Hia LK... Welcome to SMF! head over to the Roll Call forum and introduce yourself to the Family... it's kind of a tradition 'round here. And, as the package directs, use 1 Tbsp. per pound of lean meat. Try whole meat strips sometime. I just finished a batch and it's WONDERFUL! Real Smoke. Real Meat. Real GOOD!


----------



## lk1932 (Nov 7, 2007)

Hi, Richtee,
I have made sliced jerky for the past 20 years and have made it out of almost every animal that ever walked the earth and I will say that it all turned out very good, at least that is what my neighbors tell me. They furnish the beer and I furnish the jerky. I make ground jerky out of the scraps. I have a masterbuilt stainless steel gas water smoker and have been playing with it for the past two years. Hope to get more info on how to really use it on SMF. I also have a Cabelas commercial grade dehydrator.


----------



## deejaydebi (Nov 9, 2007)

IK -

You can use any of the spices you use for sliced meat jerky but add 1/2 oz of water per pound of meat and;

A technique I've learned that makes it so much easier is:

1) Mix your spices and cure according to manufacures directions based on weight.

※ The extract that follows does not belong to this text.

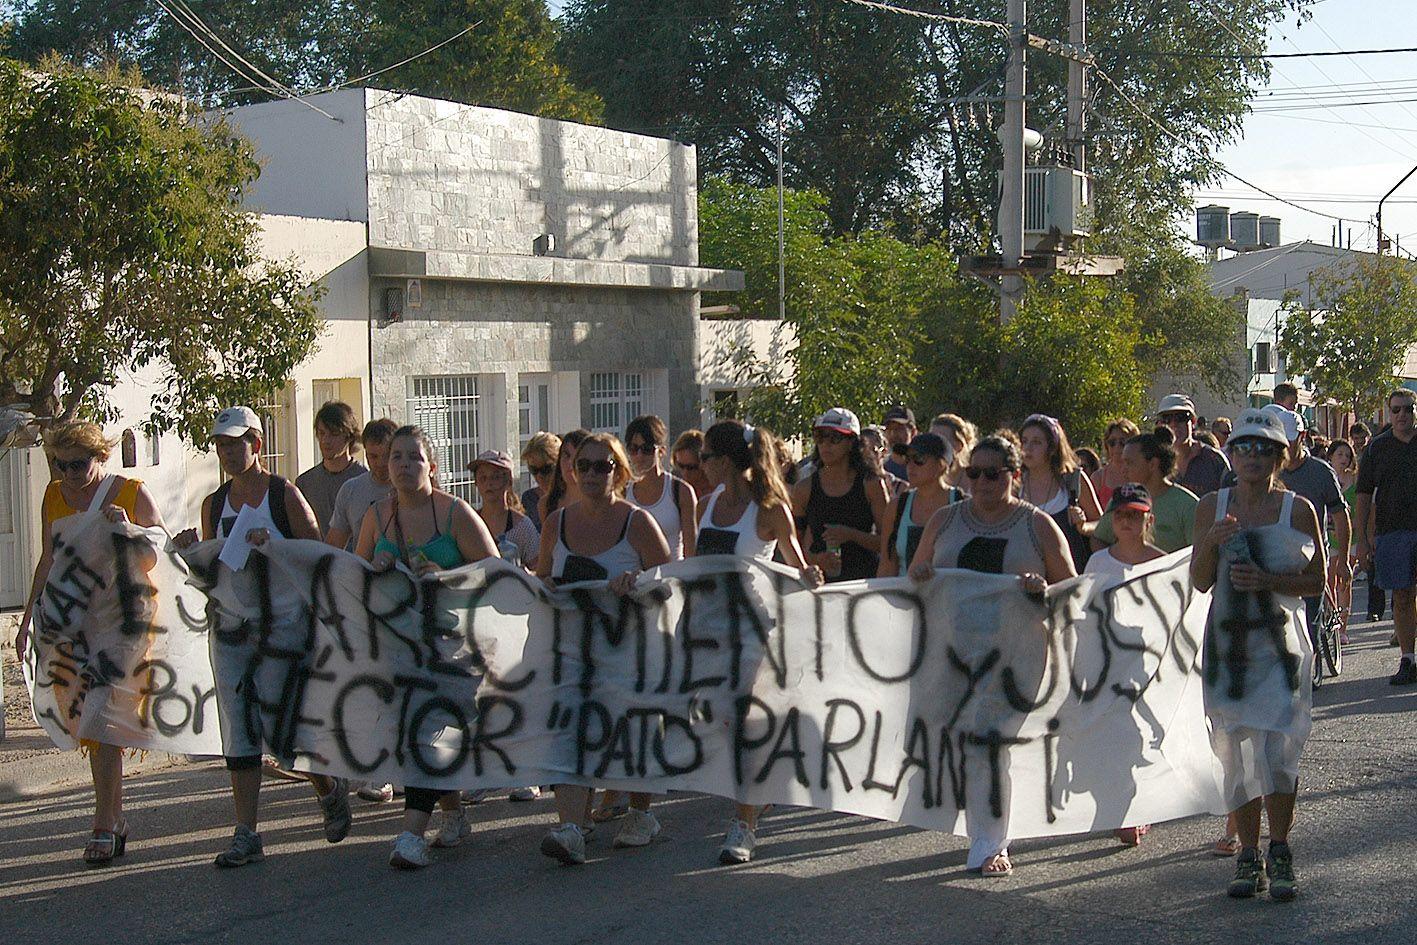 Sigue impune el asesinato de Héctor Parlanti

2) Form it in a square tin foil loaf pan first (about 2 inches thick) let it sit covered in the fridge ovenight.

3)  Turn pan upside down on smokehouse screens.

4) Set temp at 130 degrees for 1 hour or until dry - damper open.

5) Set temp to 150-160 degrees - damper 1.2 full - smoke 2-3 hours or until desired temp.

6) Set temp 170-180 degrees - no smoke - damper closed until internal temp is 155 degrees.

7) Refrigerate overnight.

8) Slice meat thin and smoke lightly again for about 2 hours or until desired texture is achived.

You can make tons of jerky at a time this way and it's very easy to do!


----------



## homebrew & bbq (Nov 9, 2007)

Debi, you just have a way of making things sound so simple.


----------



## just woody (Nov 26, 2007)

use 1 tablespoon per pound of meat


----------